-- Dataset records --
================================

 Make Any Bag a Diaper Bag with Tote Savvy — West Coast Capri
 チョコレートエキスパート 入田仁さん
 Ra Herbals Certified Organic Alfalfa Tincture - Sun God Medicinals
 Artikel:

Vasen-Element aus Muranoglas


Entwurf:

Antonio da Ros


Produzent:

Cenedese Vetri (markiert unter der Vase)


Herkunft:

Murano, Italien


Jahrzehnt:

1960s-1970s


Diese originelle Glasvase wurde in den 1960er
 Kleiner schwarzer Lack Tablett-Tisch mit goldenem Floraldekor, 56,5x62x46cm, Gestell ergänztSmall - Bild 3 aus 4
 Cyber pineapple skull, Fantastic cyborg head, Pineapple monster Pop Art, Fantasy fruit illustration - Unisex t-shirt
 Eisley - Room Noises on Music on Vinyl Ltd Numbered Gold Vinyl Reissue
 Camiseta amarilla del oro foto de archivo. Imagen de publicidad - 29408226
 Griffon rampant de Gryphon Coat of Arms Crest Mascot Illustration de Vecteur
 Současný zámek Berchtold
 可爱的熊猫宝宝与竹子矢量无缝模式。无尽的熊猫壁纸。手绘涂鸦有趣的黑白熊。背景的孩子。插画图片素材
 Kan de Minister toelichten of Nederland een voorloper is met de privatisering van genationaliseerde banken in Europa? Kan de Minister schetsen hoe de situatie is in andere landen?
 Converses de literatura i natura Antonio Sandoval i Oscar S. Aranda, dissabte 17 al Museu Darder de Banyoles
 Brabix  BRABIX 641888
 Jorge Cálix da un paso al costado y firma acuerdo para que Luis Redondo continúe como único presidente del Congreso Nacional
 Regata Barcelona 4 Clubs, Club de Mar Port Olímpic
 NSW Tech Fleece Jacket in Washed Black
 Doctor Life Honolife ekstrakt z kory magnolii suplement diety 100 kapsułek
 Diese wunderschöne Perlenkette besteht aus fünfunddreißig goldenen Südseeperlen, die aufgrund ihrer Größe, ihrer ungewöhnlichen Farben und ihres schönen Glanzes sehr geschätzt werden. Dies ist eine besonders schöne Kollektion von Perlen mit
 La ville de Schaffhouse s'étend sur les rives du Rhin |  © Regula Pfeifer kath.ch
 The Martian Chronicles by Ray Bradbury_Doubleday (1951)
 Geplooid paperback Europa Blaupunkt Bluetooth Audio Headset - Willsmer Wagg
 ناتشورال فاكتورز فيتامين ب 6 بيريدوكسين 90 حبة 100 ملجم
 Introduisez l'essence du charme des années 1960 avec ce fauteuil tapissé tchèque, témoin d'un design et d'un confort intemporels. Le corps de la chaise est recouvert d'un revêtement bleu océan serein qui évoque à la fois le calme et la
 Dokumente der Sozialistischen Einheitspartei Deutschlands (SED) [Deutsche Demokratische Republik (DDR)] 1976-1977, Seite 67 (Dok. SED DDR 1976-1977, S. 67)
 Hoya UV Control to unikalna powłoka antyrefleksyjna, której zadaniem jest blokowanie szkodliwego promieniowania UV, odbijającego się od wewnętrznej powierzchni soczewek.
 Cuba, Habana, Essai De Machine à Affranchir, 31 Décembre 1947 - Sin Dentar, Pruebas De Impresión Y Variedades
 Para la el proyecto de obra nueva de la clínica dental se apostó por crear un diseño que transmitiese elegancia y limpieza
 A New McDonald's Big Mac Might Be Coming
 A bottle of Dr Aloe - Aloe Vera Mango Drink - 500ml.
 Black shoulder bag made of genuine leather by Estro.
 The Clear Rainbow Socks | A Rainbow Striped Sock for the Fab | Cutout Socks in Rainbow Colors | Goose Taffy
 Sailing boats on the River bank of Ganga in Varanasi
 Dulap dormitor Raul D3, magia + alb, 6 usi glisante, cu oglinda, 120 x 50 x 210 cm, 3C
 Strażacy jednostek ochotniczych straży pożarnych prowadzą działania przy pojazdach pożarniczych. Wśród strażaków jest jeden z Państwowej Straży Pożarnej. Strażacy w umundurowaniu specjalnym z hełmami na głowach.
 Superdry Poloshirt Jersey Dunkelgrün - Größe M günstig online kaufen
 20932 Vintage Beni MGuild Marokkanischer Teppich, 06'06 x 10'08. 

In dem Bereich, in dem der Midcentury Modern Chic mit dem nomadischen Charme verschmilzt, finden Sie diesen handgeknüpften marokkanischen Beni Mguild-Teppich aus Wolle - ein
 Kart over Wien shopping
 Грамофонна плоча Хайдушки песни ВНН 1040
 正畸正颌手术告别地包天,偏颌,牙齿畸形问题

================================

-- Assigned task --
Retype the portion of the data above that starts on the line with "Současný zámek Berchtold" and finishes on the line with "Regata Barcelona 4", including both of those lines.

-- Exercise output --
 Současný zámek Berchtold
 可爱的熊猫宝宝与竹子矢量无缝模式。无尽的熊猫壁纸。手绘涂鸦有趣的黑白熊。背景的孩子。插画图片素材
 Kan de Minister toelichten of Nederland een voorloper is met de privatisering van genationaliseerde banken in Europa? Kan de Minister schetsen hoe de situatie is in andere landen?
 Converses de literatura i natura Antonio Sandoval i Oscar S. Aranda, dissabte 17 al Museu Darder de Banyoles
 Brabix  BRABIX 641888
 Jorge Cálix da un paso al costado y firma acuerdo para que Luis Redondo continúe como único presidente del Congreso Nacional
 Regata Barcelona 4 Clubs, Club de Mar Port Olímpic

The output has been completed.